Available records:

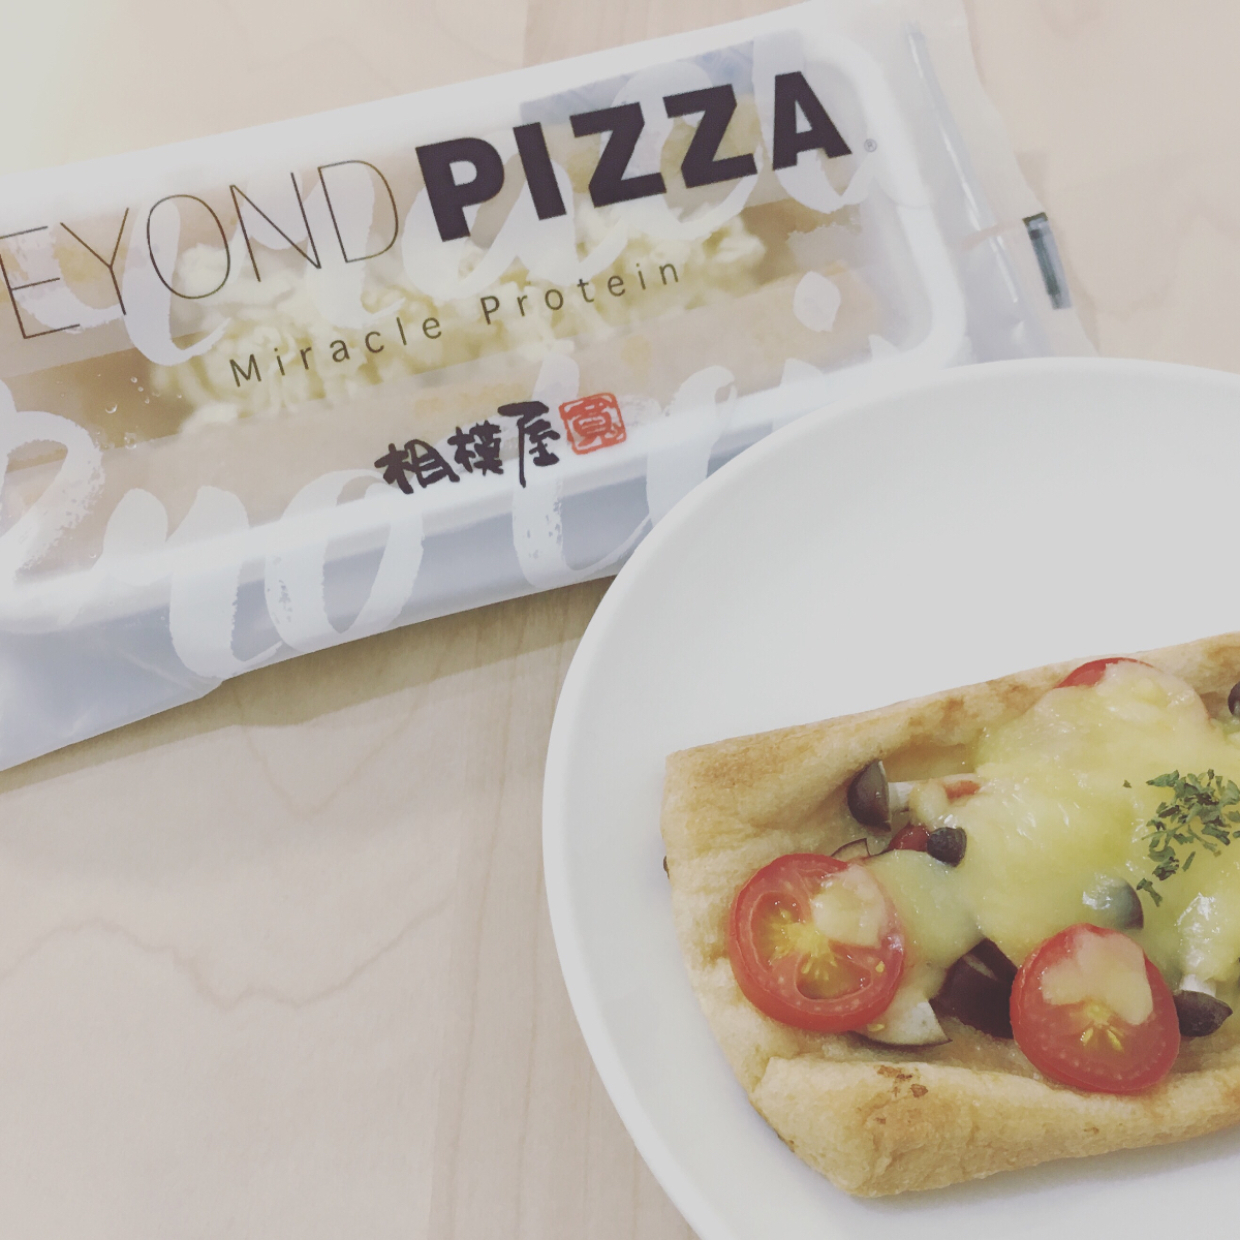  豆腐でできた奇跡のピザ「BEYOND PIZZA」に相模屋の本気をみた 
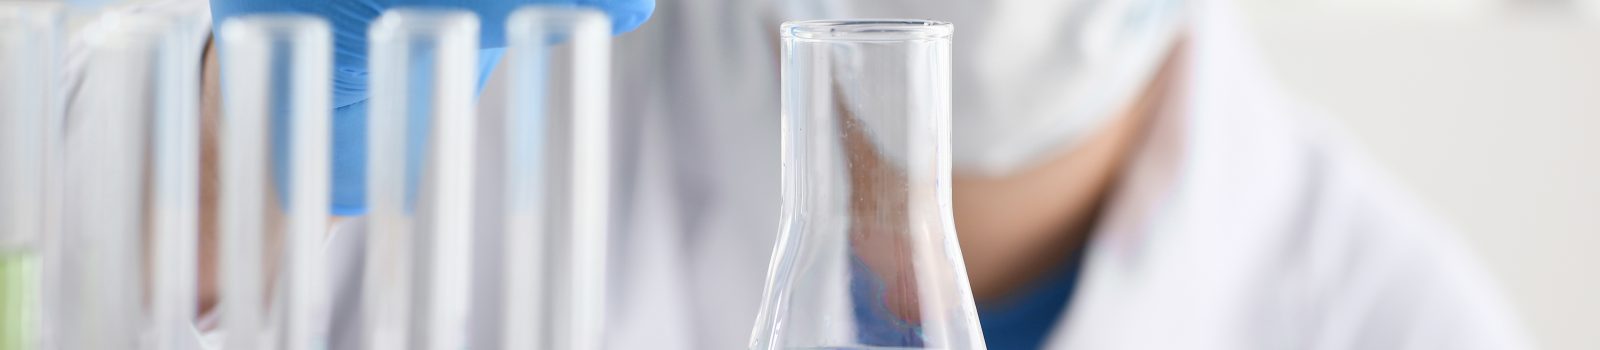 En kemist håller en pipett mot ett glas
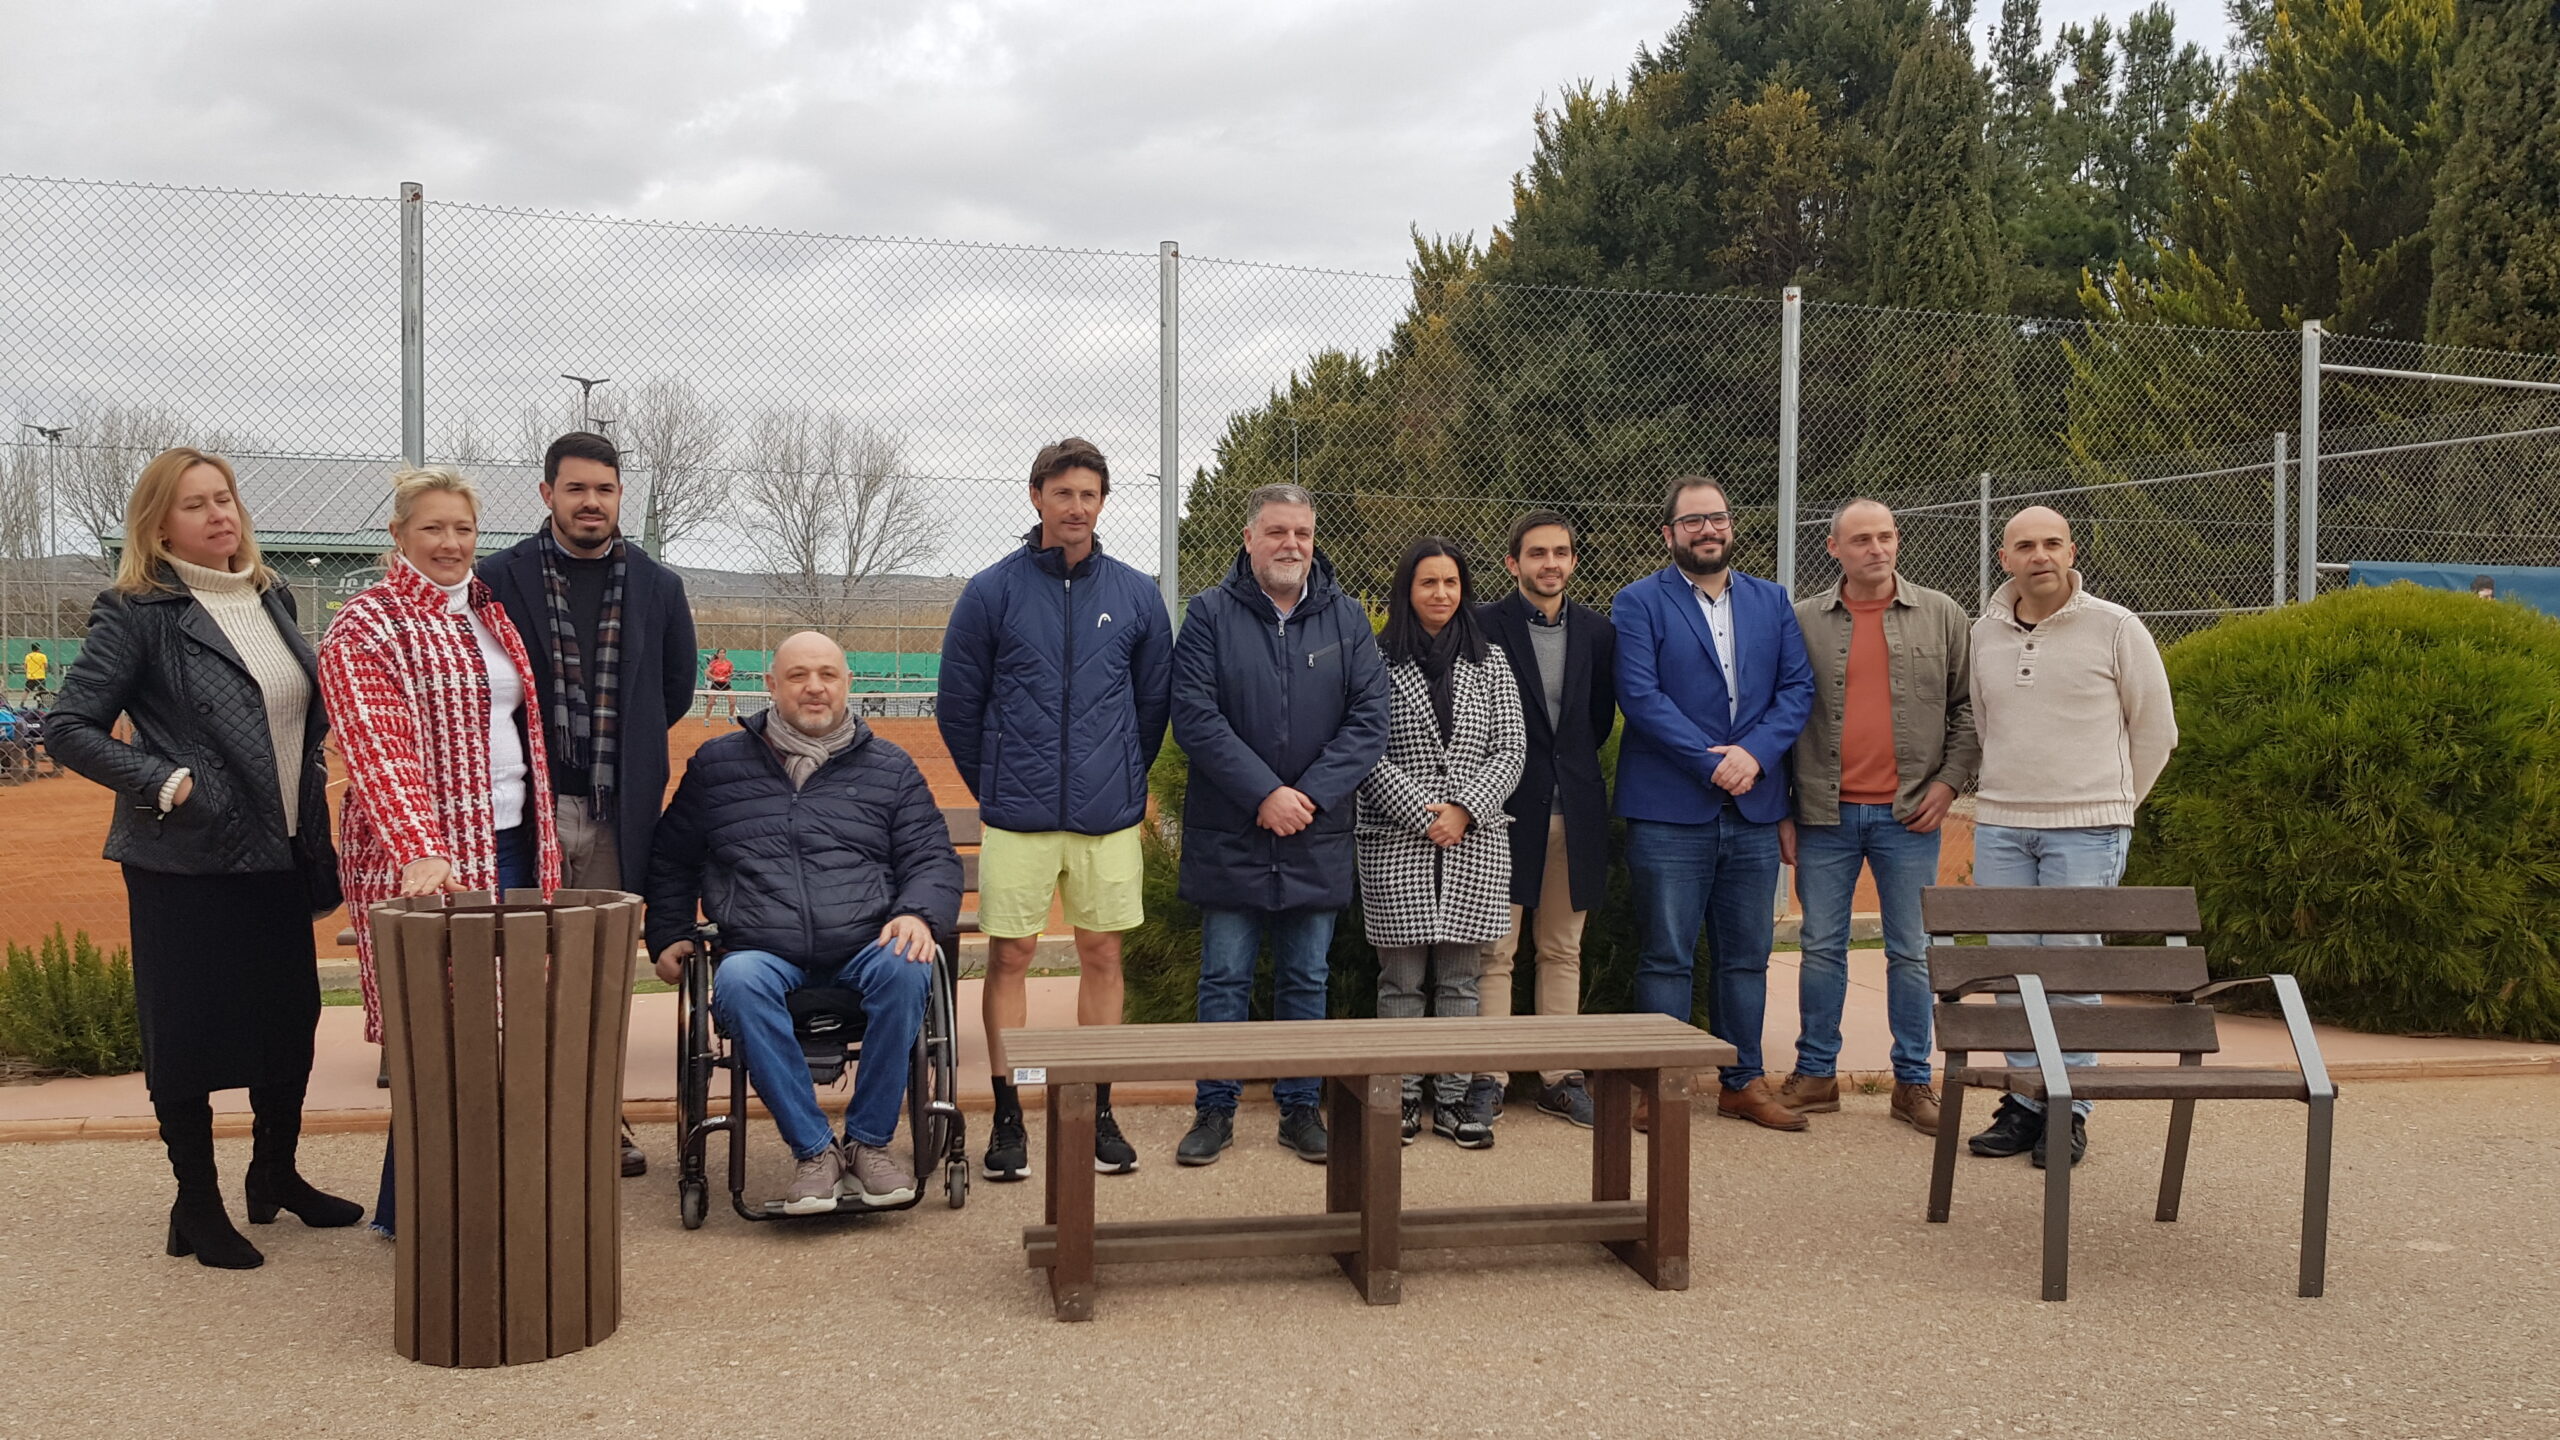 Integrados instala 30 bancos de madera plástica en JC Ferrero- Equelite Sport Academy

--

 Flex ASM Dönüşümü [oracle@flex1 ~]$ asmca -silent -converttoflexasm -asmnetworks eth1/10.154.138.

About this exercise: The expected output is the lines above from the one containing "豆腐でできた奇跡のピザ「BEYOND PIZZA」に相模屋の本気をみた" to the one containing "Integrados instala 30", both ends included, reproduced exactly with every picture left out.

Reply:
  豆腐でできた奇跡のピザ「BEYOND PIZZA」に相模屋の本気をみた 
 En kemist håller en pipett mot ett glas
 Integrados instala 30 bancos de madera plástica en JC Ferrero- Equelite Sport Academy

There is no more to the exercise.